La croissance de Mistral et l’optimisme qu’elle suscite ne doit pas cependant devenir le mirage dans le désert. Reste que les chiffres relativisent l’enthousiasme. Face à OpenAI (500 milliards de dollars de valorisation), Anthropic (183 milliards) ou Google DeepMind, Mistral reste un acteur de niche. L’écueil serait de céder à l’illusion d’un « champion français » capable de rivaliser seul.
- En effet, le président de la République, Emmanuel Macron voit en Mistral IA l’alpha et l’omega de la souveraineté numérique française, appelant ainsi français et européens à délaisser Chat Gpt pour le Chat :
- « Tous ceux qui ont ChatGPT, je leur conseille de télécharger Le Chat. C’est français et européen ».
- Le précédent Dailymotion, freiné par l’État au nom de l’indépendance, rappelle combien la politisation peut brider l’innovation
- D’ailleurs, ni Arthur Mensch (co-fondateur de Mistral AI) ni Christophe Fouquet (CEO d’ASML) n’ont mis en avant la souveraineté comme motivation première.
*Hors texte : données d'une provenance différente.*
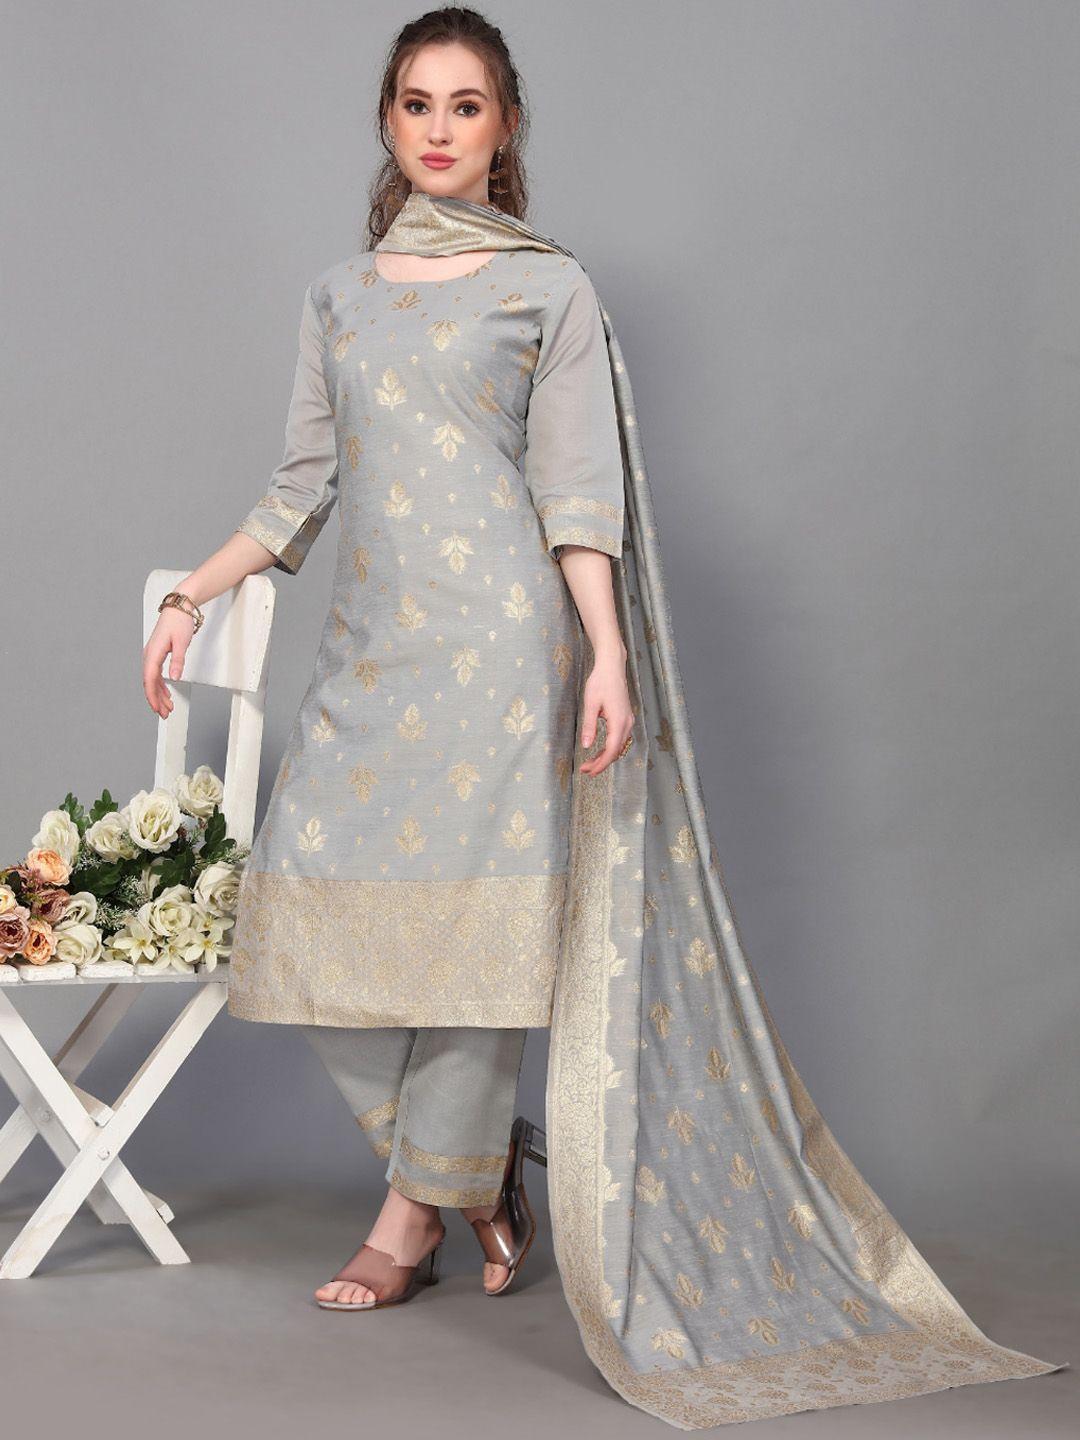 happy design etnic motifs woven design pure cotton kurta with trousers & dupatta

- Pour ASML, l’IA est aussi un outil interne pour accélérer sa R&D ; pour Mistral, un levier de croissance et de crédibilité.
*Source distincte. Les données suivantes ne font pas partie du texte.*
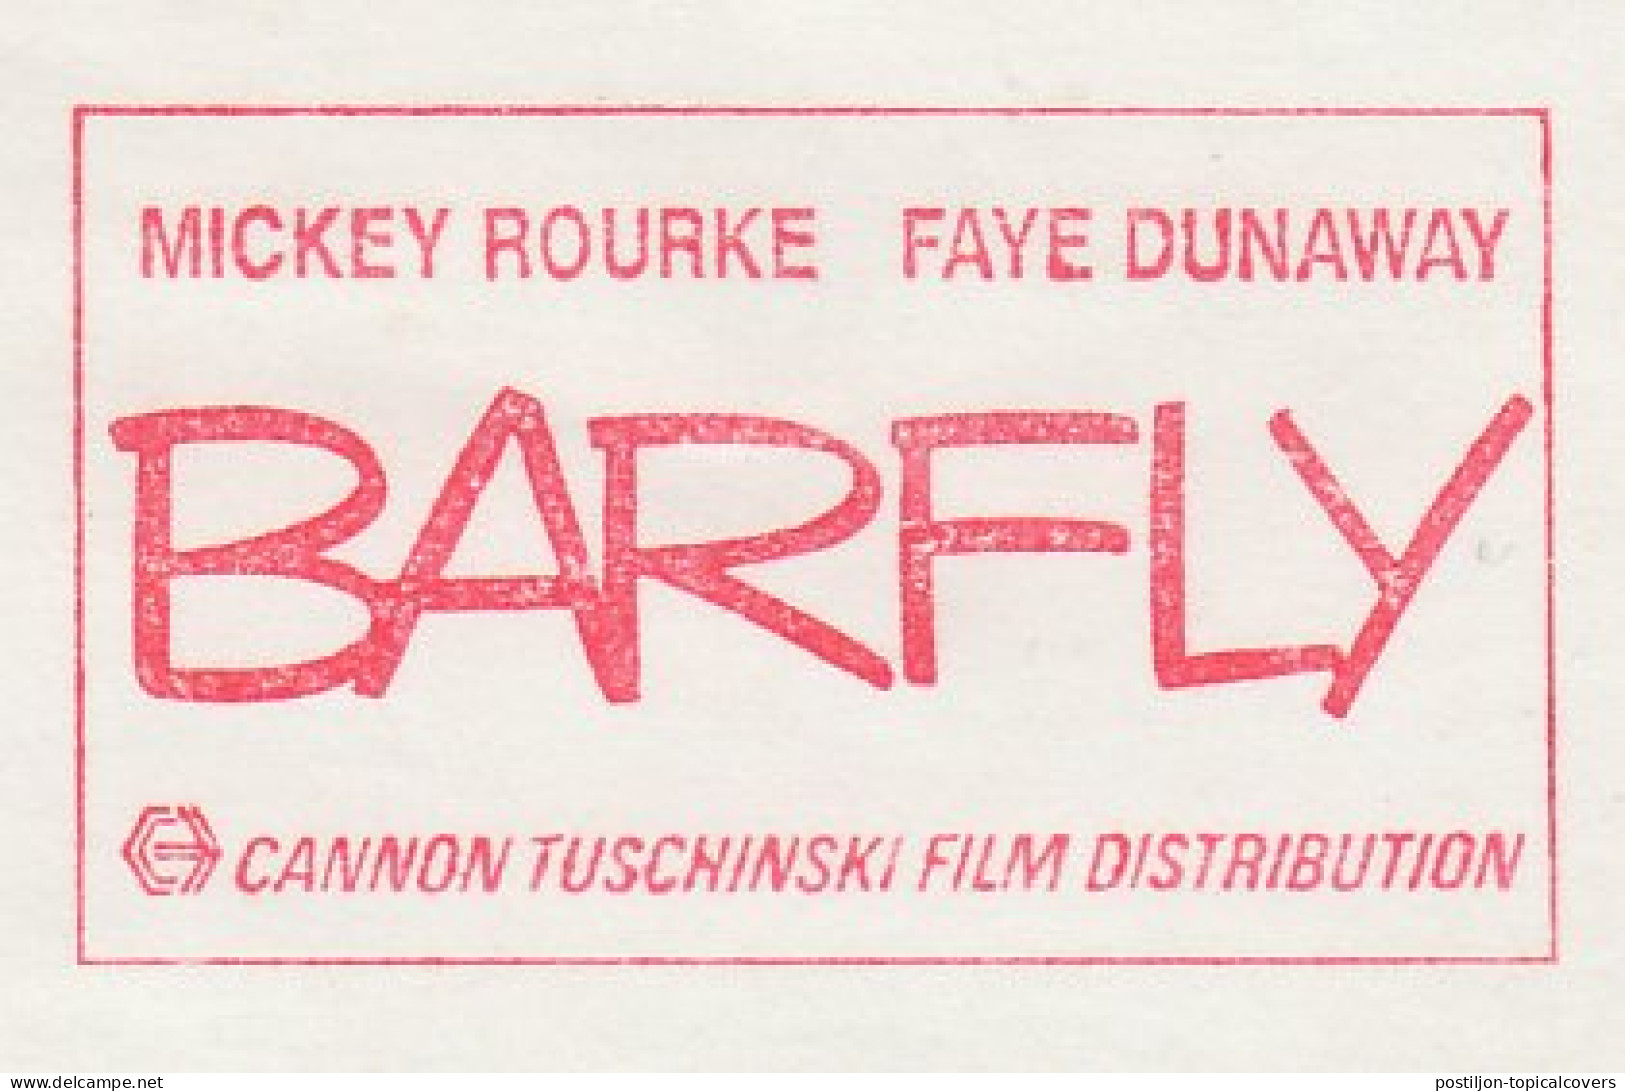 Meter Cut Netherlands 1988 Barfly - Movie - Film

- C’est pourtant bien sur le terrain de la souveraineté que l’opération prend une dimension stratégique, comme le rappelle Daniel Mügge professeur de Sciences Politiques à l’Université d’Amsterdam.
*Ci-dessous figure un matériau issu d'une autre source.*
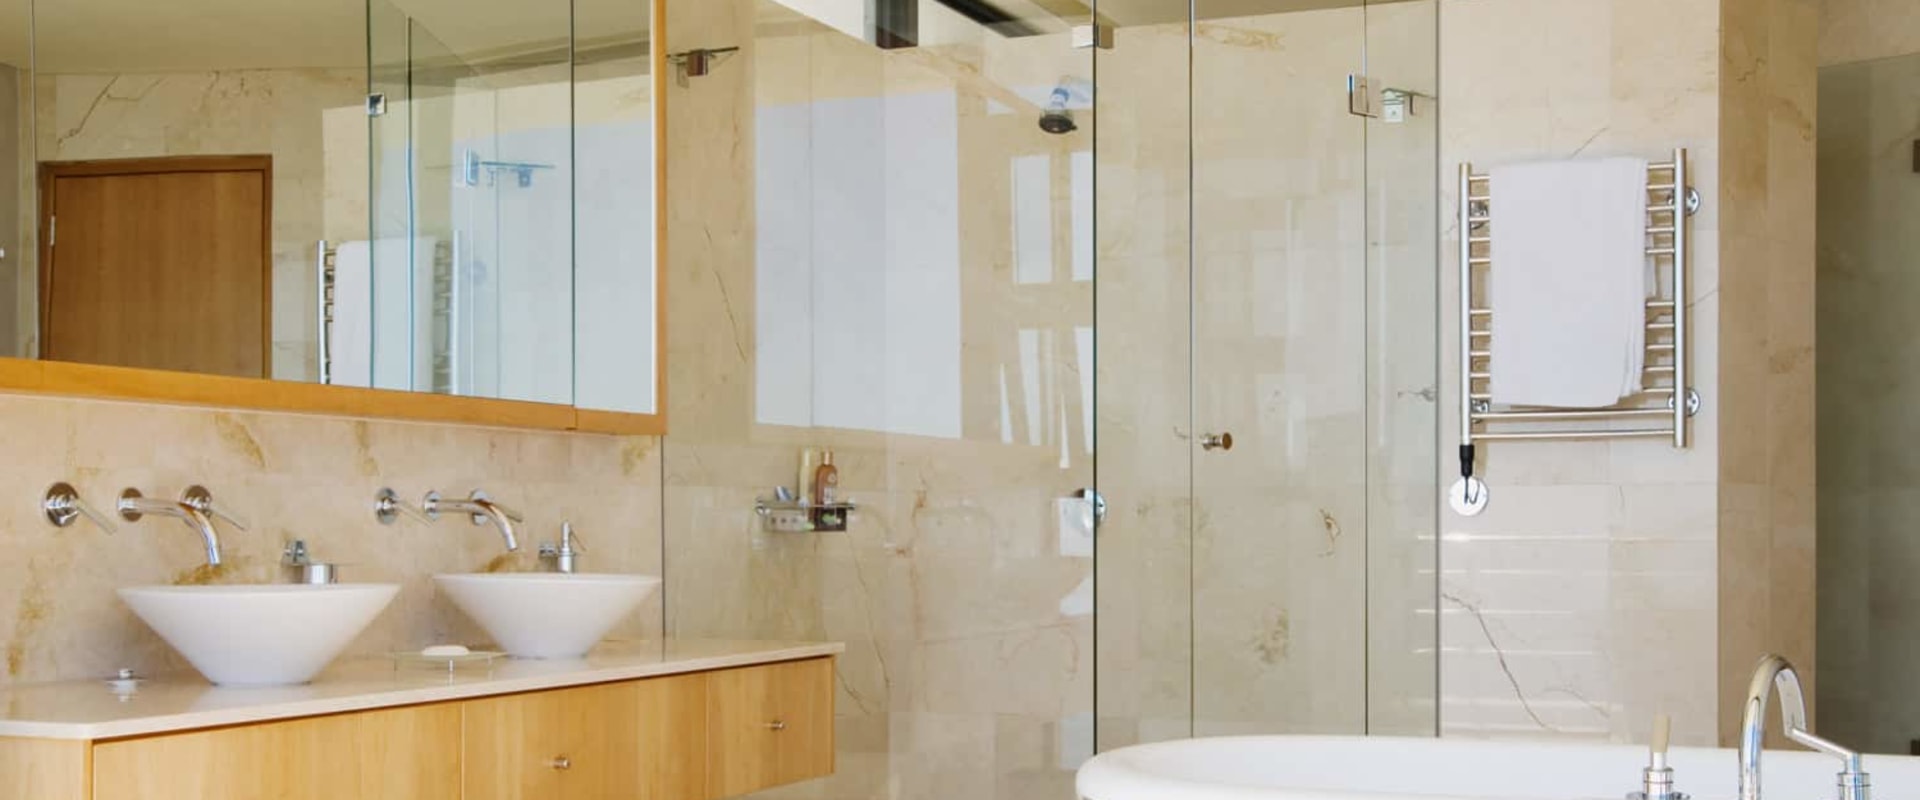 Installing a Shower Door: A Comprehensive DIY Guide

- L’IA irrigue désormais des infrastructures critiques (paiements, énergie, défense).
- Laisser ce domaine clé dépendre exclusivement de financements et de technologies américaines serait un risque pour l’Europe.
- En s’adossant à un acteur industriel continental, Mistral montre qu’une autre voie est possible.
- En somme, l’investissement d’ASML dans Mistral ne garantit pas à lui seul l’autonomie numérique du Vieux Continent, mais il constitue un précédent à même d’inciter d’autres champions européens à suivre cet exemple.
- Il est également intéressant de noter que, si la souveraineté est à l’évidence un sujet majeur pour nos industriels européens, elle l’est encore davantage pour les responsables politiques.
Le débat autour de la souveraineté numérique de l’Europe s’inscrit alors profondément dans un rapport de puissance entre industrie, qui cherche avant tout à innover et croitre, et l’État qui cherche à préserver une autonomie stratégique et à garantir la sécurité nationale.